A vida como performance
É visto diariamente, nas redes sociais, pessoas das mais diversas se transformando em potenciais produtores de conteúdo. Essa cultura se infiltra cada vez mais na sociedade, criando cenários antes naturais, agora utilizados como vitrines de publicidade gratuita para marcas que sequer contrataram esses indivíduos. Nesse processo, uma geração inteira se torna blogueira de si mesma. O cotidiano banal — a ida à academia, a visita à loja de roupas, o café da manhã em uma padaria qualquer — se converte em espetáculo. Cada detalhe ganha uma aura estética ao ser capturado pela câmera, como se a experiência só tivesse valor ao se tornar imagem compartilhável. O que antes era apenas intimidade e vida vivida, agora é performance. E mais: performance travestida de publicidade.
Em A Sociedade do Espetáculo, Guy Debord descreve precisamente esse fenômeno: a realidade já não é experimentada em sua essência, mas encenada como espetáculo destinado ao consumo. Adaptando sua reflexão ao nosso tempo, percebe-se que muitos não apenas consomem marcas e estilos, mas desejam ser aquilo que consomem. Como crianças que almejam ser os heróis das histórias em quadrinhos, adultos reproduzem essa lógica ao vestir-se, alimentar-se e exibir-se como se fossem personagens de uma narrativa pública. Marcam marcas, posam em cenários, forjam um pertencimento ao universo dos “grandes influenciadores”, ainda que a audiência real seja composta apenas de conhecidos que pouco se importam com o conteúdo, mas seguem alimentando o ciclo da cultura do parecer.
O que se percebe, então, é que o indivíduo deixa de ser construção singular de si mesmo e passa a ser resultado de uma colagem dos aspectos primordiais dos influenciadores que consome. Seu vício nas redes se converte em identidade, num processo que Heidegger já denunciava ao falar do das Man: o homem que não vive como “si mesmo”, mas como “todo mundo”, perdido no impessoal, moldado por padrões externos que definem o que vestir, o que comer, o que mostrar.

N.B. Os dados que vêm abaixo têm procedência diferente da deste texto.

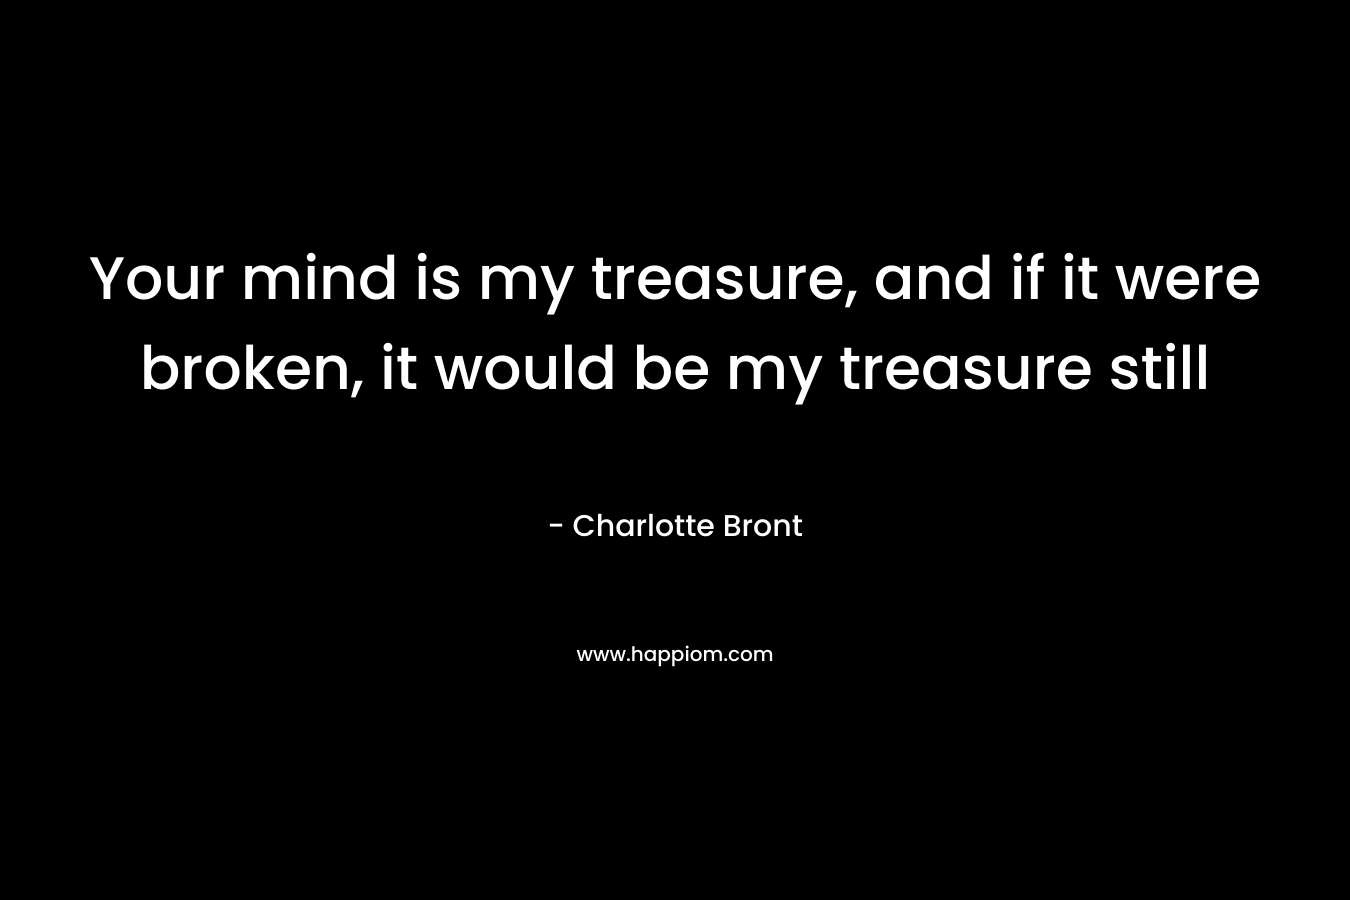 Your mind is my treasure, and if it were broken, it would be my treasure still – Charlotte Bront
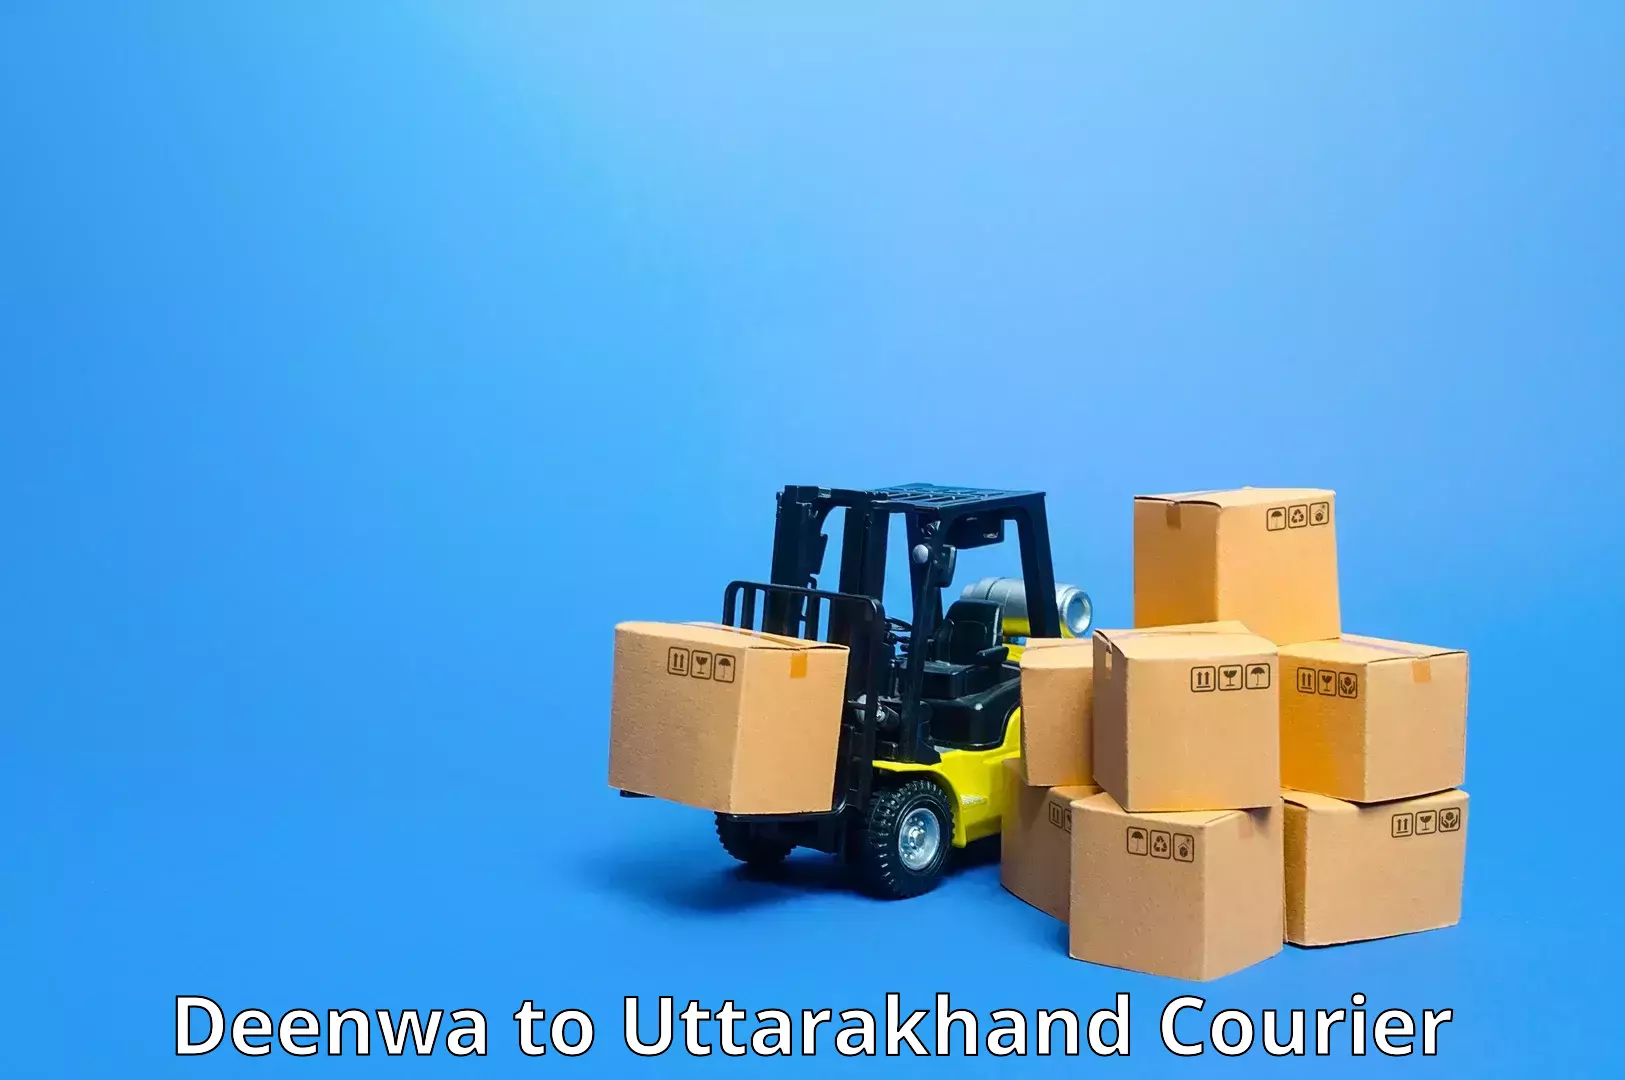 Express delivery capabilities Deenwa to Tehri

A cultura digital ao mesmo tempo em que amplia a voz e a visibilidade do indivíduo, também o aprisiona em uma máscara coletiva. Ao perder a capacidade de ser si mesmo, o sujeito passa a existir apenas como reflexo de modelos pré-fabricados, reproduzindo gestos, desejos e estilos que não lhe pertencem. A promessa de liberdade das redes sociais se converte, paradoxalmente, em uma nova forma de escravidão simbólica: a dependência do olhar do outro. Romper com esse ciclo exige coragem para reencontrar a autenticidade, silenciar o excesso de vozes externas e recuperar o valor do invisível — aquilo que se vive não para ser exibido, mas simplesmente para ser verdadeiramente vivido.